Once Again: Protagonists in Our Own Story

July 8, 2022

“Do the rest of us have to wait until somebody somewhere figures things out and tells the rest of us what to do? I believe that all of us play a role in choosing and creating our futures—as individuals and as communities. We don’t need to wait passively for history to happen to us. We can become protagonists in our own story. We can make the road by walking.” [Brian McLaren, We Make the Road by Walking]

When I first decided to follow Jesus, when unbelief was replaced by faith, when pessimism gave way to hope, when I decided that maybe, just maybe, I could help make a difference in this world, I was one month past my 21st birthday. I remember the day quite well; May 2, 1977, the day I was baptized into Christ. I wasn’t baptized into any particular denomination; rather I responded to the good news of Jesus having become convinced that his life and teachings were going to be the model by which I could live my life. That was one of the biggest decisions of my life, to date and since.

Over the next six months I made several other big, life impacting decisions, in an effort to be true to my commitment to follow Jesus. My mom and dad had raised me to make my own decisions and to live with and learn from the consequences whether positive or negative. They never sought to control or direct my life; even when my decisions were not to their liking, they tried their best to be supportive. Though they never did understand why I became a Christian or why I chose to move to Louisiana to go to a Bible School, neither did they stand in my way. Then came the biggest test of the trust they showed me.

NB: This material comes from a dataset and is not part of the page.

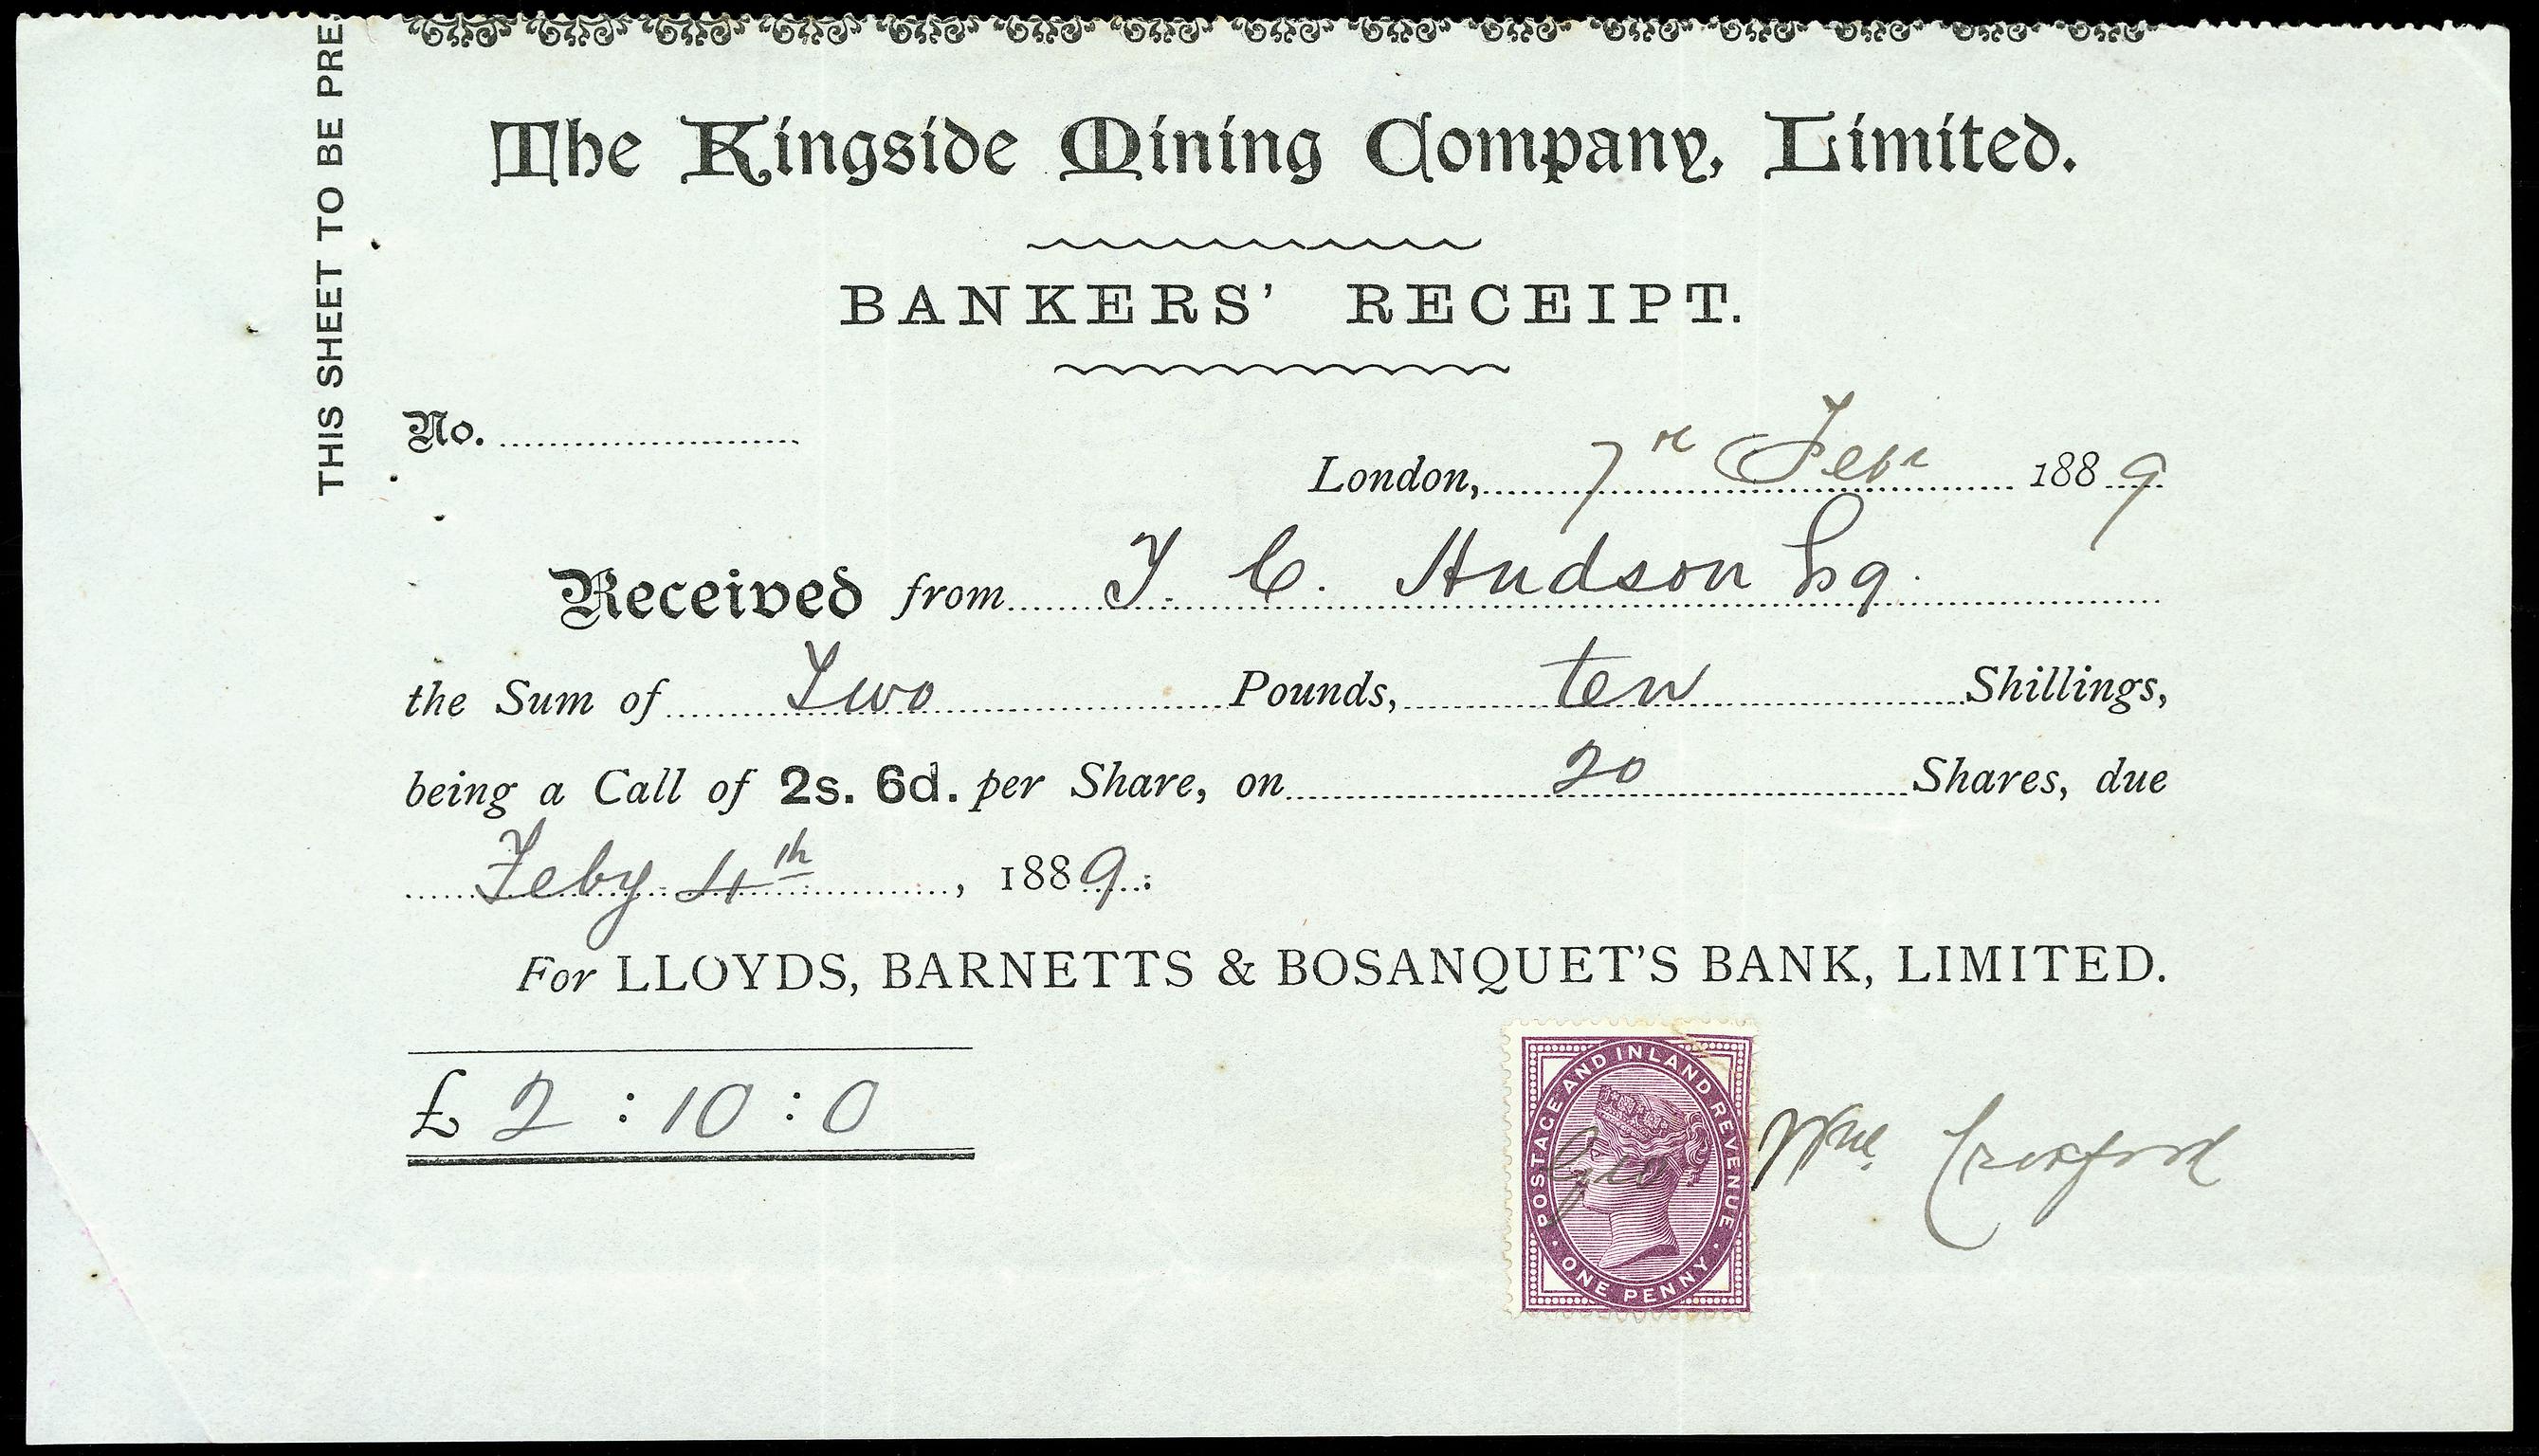 Kingside Mining Co. Ltd., bankers' receipt

In August of 1977, during my first week at the School of Biblical Studies, I met a young, spiritually minded, intelligent, and caring woman who was also in her first week at school. Within two weeks of our first meeting, we decided we wanted to get married. We went through 6 weeks of premarital counseling and with the support of our counselor we were wed on November 13, 1977, just 10 weeks after we met. Many were skeptical and concerned (and rightly so, from their perspective). But we were sure. For 45 years now we made the road by walking on it together. It’s had its ups and downs, its mountain peak highs and down in the valley lows, but we’ve walked through it all together.

For the first several years of our life together, we made our own road. Some choices we made have proven to be the best ones at the time and since, while others were perhaps not so. By 1988, we had moved seven times living for brief periods of time in West Monroe, LA (2 years), Jonesville, LA (14 months), Valley Center, CA (4 months), Monroe, WA (13 months), Pittsfield, IL (4 months), Kirksville, MO (1 & ½ years), and Kingston, Ontario (4 & ½ years). I worked as a minister for much of that time, but also in a car wash, as an orange picker, in a shoe factory, and as a nursing assistant. We were blessed with our two sons during the first 3 years of our marriage.

When we moved to Toronto in July 1988, I was a 2nd year nursing student at the U of T and Sara was working as a special education teacher. We moved to become part of a movement in which we thought we could best live out our faith and make a difference. What we didn’t realize until much later is that by joining this movement we would gradually give up making our own road. We (or perhaps I) more and more began to rely on somebody, somewhere figuring things out and telling us what to do, for we had become part of a hierarchical movement that became a hierarchical institution and ultimately we became part of that hierarchy. In those years we (or perhaps I) chose to let others make the road we walked and, in the process, I lost sight of why and how I had become a Jesus follower in the first place.

About 12 years ago – it’s hard to be precise – I began to gradually make the road I chose to walk, which ultimately led to leaving our hierarchical ministry positions. Since 2016 we’ve been making the road we are walking. I’m a retired pastor who has pursued my passion for learning and Sara has pursued her passion for helping troubled and hurting people through counseling. It is not an easy road and I’m sure that many of my friends and previous associates do not understand the decisions we’ve made and may even see us as having “forsaken the faith.” However, as in our early years together, we are not waiting passively “for history to happen to us”; we have once again become “protagonists in our own story and we are making our road by walking.”

The context of the McLaren quote above is that we are all “unfinished and in the making.” We all have “the capacity to move forward” on the road of our making as we see fit, and even “the freedom to stagnate and even regress.” Thus, while we value and seek advice from people we respect and trust as we walk our road, we are not “waiting on others to figure things out and tell us what to do.” That is how we made the most significant decisions in our early 20s and 30s, and now again in our 60s. We are making the road by walking and encouraging, and hopefully helping, others to do the same.